Athletes demand a lot of their bodies
and the selection of the wrong tool/aid can cause serious damage. These tips
and guidelines for selecting powerlifting
wrist wraps are designed to ensure that you find a good product that is
able to meet your needs and expectations. These are the things that you should
consider before purchasing or using one:
(i)
Select the Ones the Fit
This may sound obvious but we often
have a very warped view of our actual size and capabilities. When purchasing powerlifting wrist wraps make sure that
you have a place where you can test them to see how they feel and fit. They
should not hurt your wrist flexors or extensors even with repeated use. Do not
place the wrap below the joint because it will no longer provide support.

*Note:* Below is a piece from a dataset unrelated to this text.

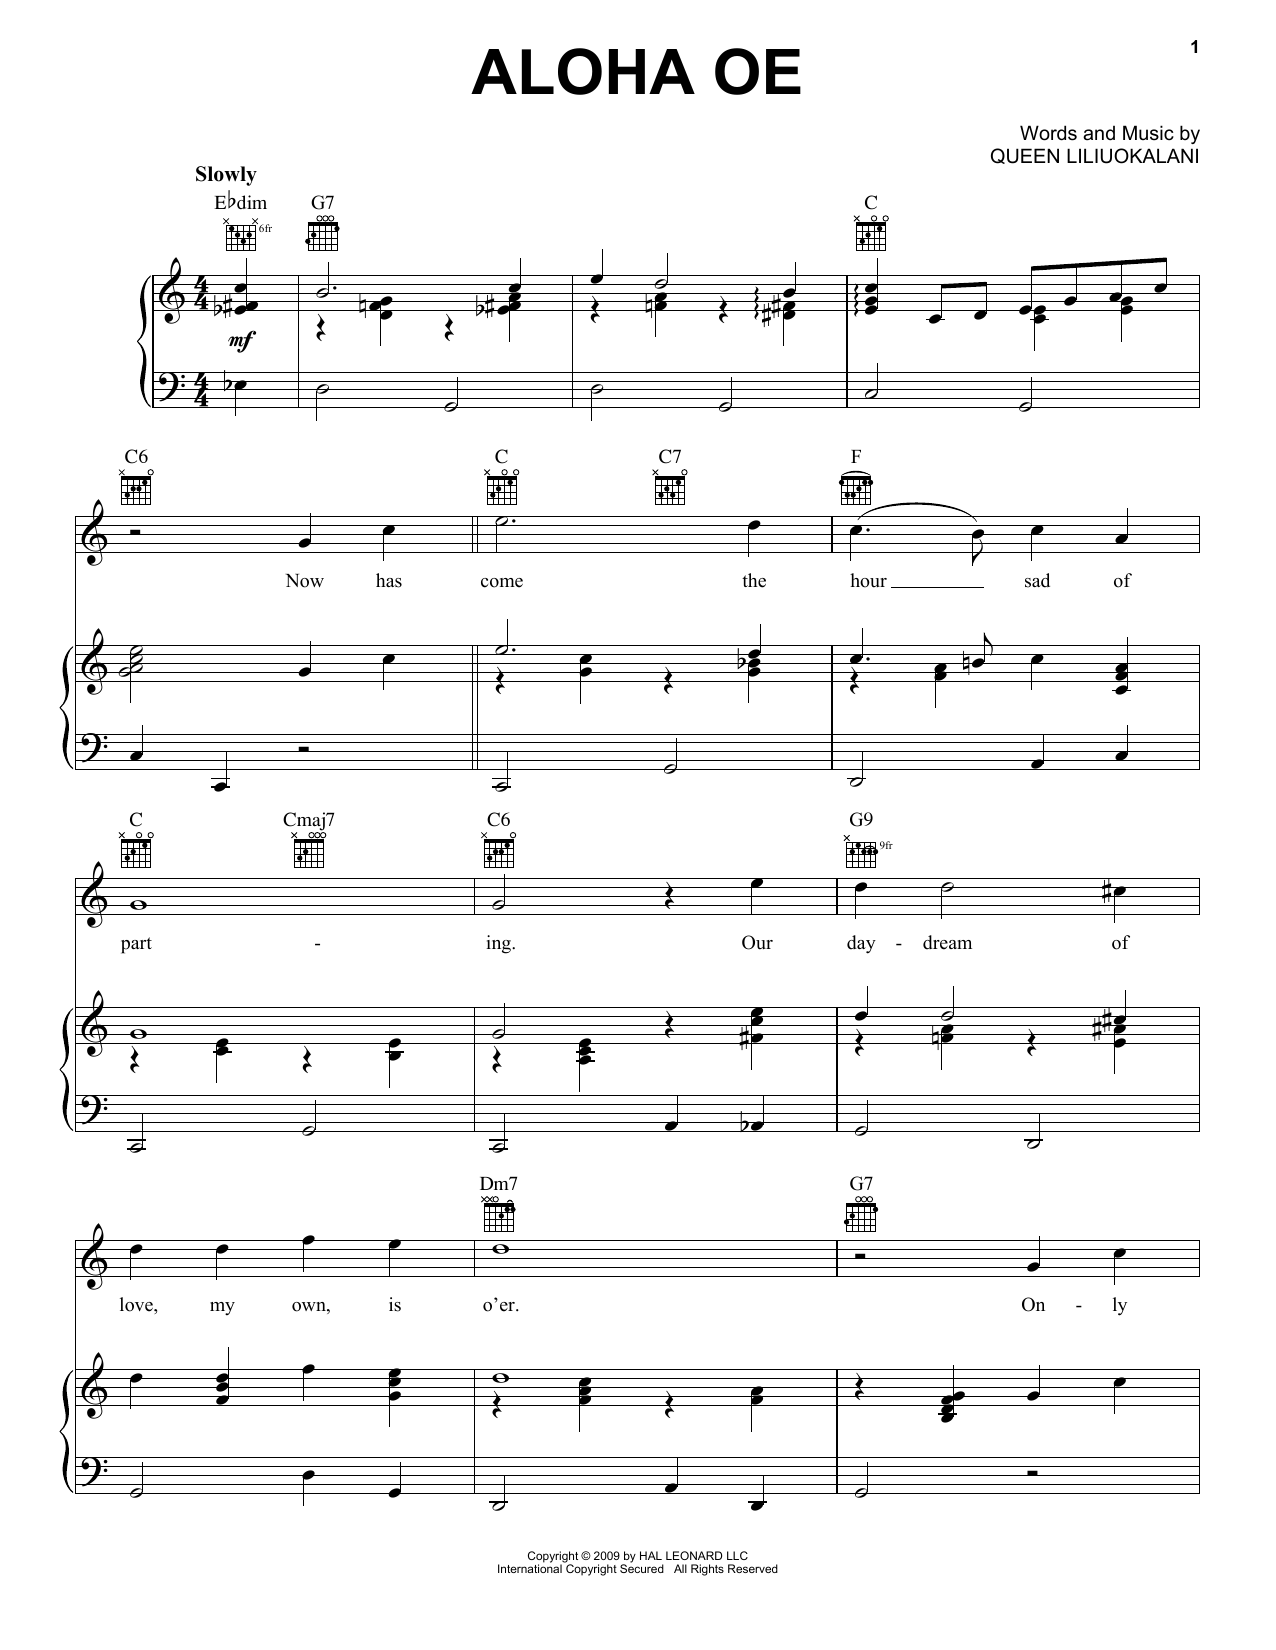 Queen Liliuokalani Aloha Oe sheet music notes and chords. Download Printable PDF.

Instead it will become a bracelet for the forearm which really has no benefit
for your exercise. Watch out for fraying and irritation when you use the
product. If you are getting an allergic reaction then it is best to find an
alternative.
(ii)
Get Two Types if You Can
The market offers two options which
are useful in different ways. Therefore it is in your best interests to get
both the powerlifting wrist wraps.
The first category is made of cotton. It is a lot more flexible and thinner
than its counterpart. The second one is made of Velcro and provides much more
support. Obviously the intensity of the workout will determine what you use on
any given day. If you have two of them then there is only a limited risk that
you will become dependent on the wraps. This is because you tend to develop an
instinctive feel of what wrap feels fine and when it does not feel right. Typically
the thinner wraps work best for snatch and jerk sessions while the stronger
ones are best for a bench/shoulder press.
(iii)
These are not accessories
It is rather saddening to see a
professional gymnast putting on powerlifting
wrist wraps for no other reason than the possibility that they make him or
her look cool. Sometimes they can be used for the pommel house and vault, but
mainly in competitions where you do not want anything to go wrong. They are not
appropriate for ring dips, pull-ups, handstands and push-ups. Nevertheless it
may be a good idea to use them if you have an injury that you need to favor
during your session. Do not use these wraps if you are merely performing a
clean squat. They are not to be used as a smokescreen for serious injuries.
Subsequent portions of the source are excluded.